- Location: Winter Haven, Florida
- Coordinates: 28°00′40″N 81°42′38″W﻿ / ﻿28.011°N 81.7106°W
- Type: natural freshwater lake
- Basin countries: United States
- Max. length: 4,855 feet (1,480 m)
- Max. width: 2,145 feet (654 m)
- Surface area: 144 acres (58 ha)
- Average depth: 12.2 feet (3.7 m)
- Max. depth: 34.5 feet (10.5 m)
- Surface elevation: 128 feet (39 m)

= Lake Otis (Florida) =

Lake Otis is a natural freshwater lake located on the east side of Winter Haven, Florida. The Polk County Water Atlas says the lake sometimes is known as Little Otis, but this is confirmed nowhere else. The main part of the lake is somewhat rectangular in shape and on the south side of the main section of the lake is a long tail-shaped cove. Lake Otis has a 144 acre surface. It is connected on its northeast side to nearby Lake Link by a 50 ft canal. This is the closest point between the two lakes. Other than where the shore where the two lakes are very close, Lake Otis is completely surrounded by residences. Lakewood Causeway runs between the two lakes.

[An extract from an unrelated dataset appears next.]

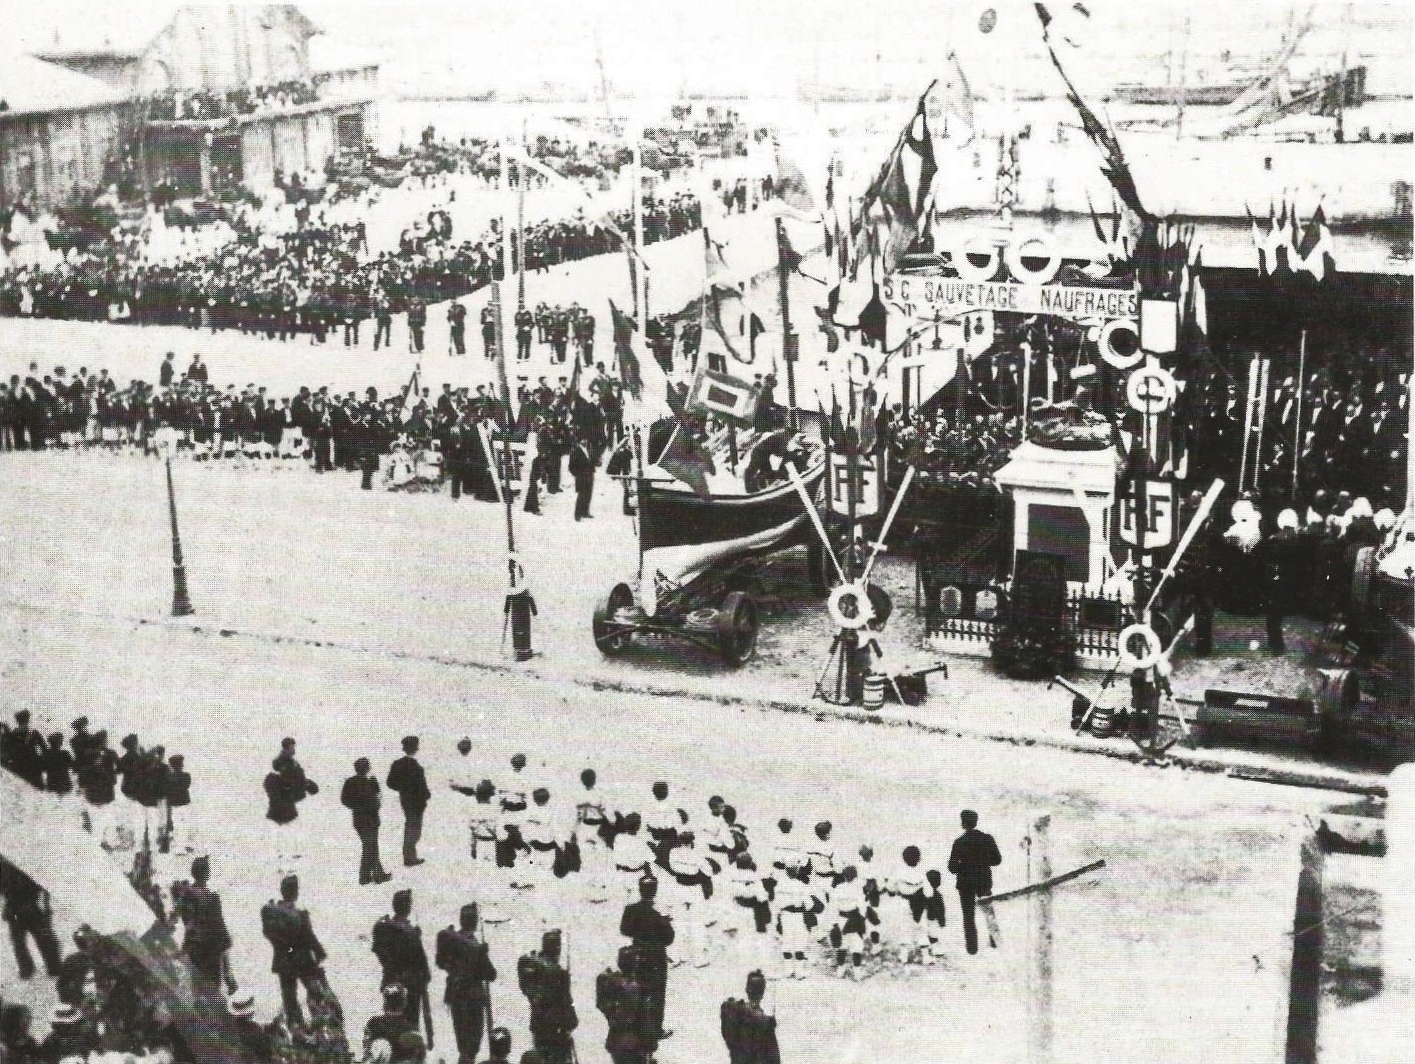 Calais inauguration du monument des sauveteurs 11 sept 1899
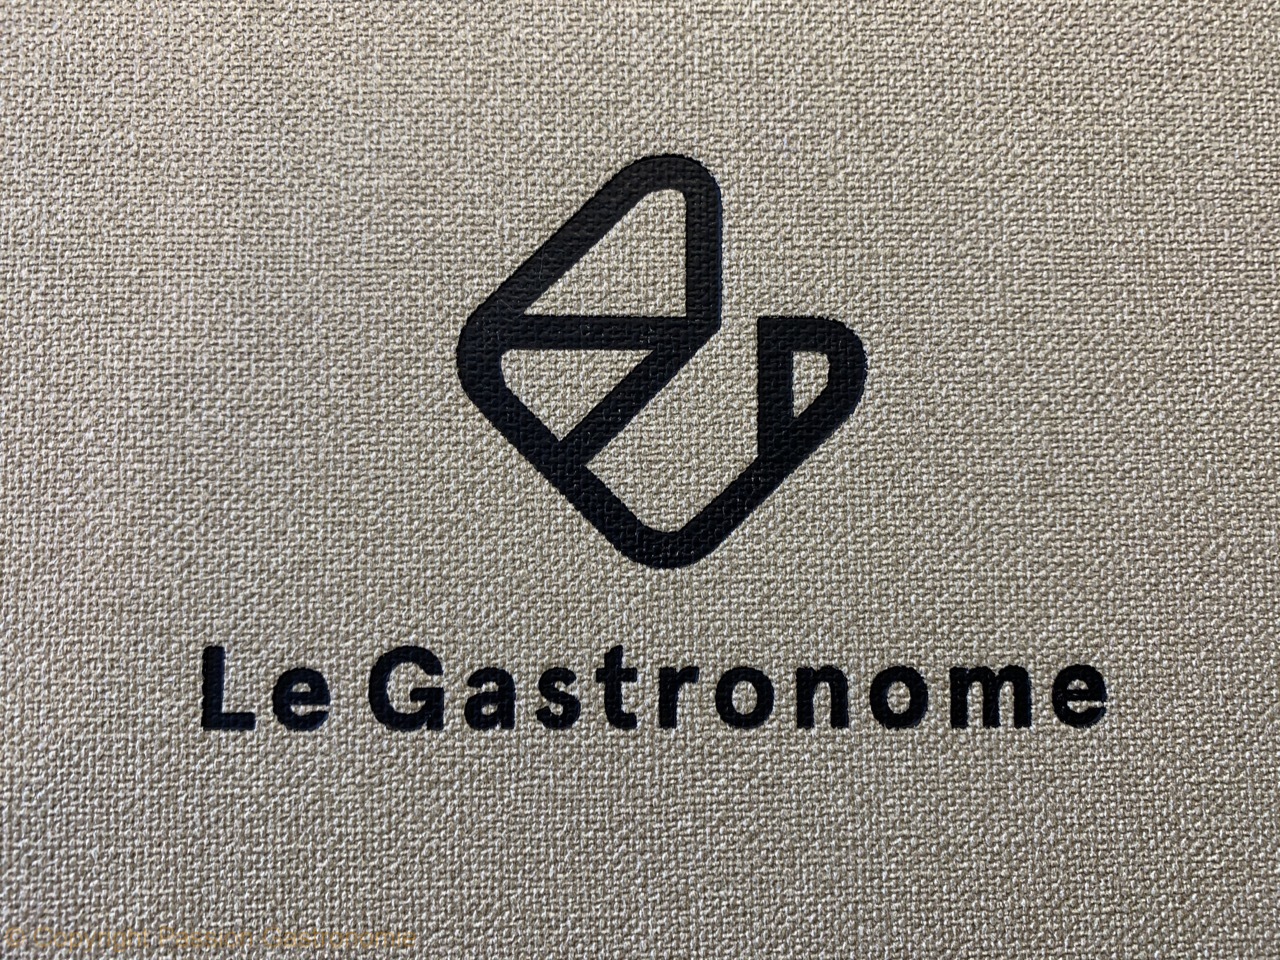 Restaurant Le Gastronome - Le logo

To the south of this area is a gated community that can be accessed by the public during the daytime. Most of the south cove is surrounded by another gated community and the public is prevented from entering it by gates that are closed all the time.

Lake Otis has no public boat ramps or swimming areas. In fact, there are no areas of the shore accessible to the public. The entire shore of the lake, other than the area near Lake Link, has steep banks. The Hook and Bullet website, however, says Lake Otis contains largemouth bass, bluegill and crappie.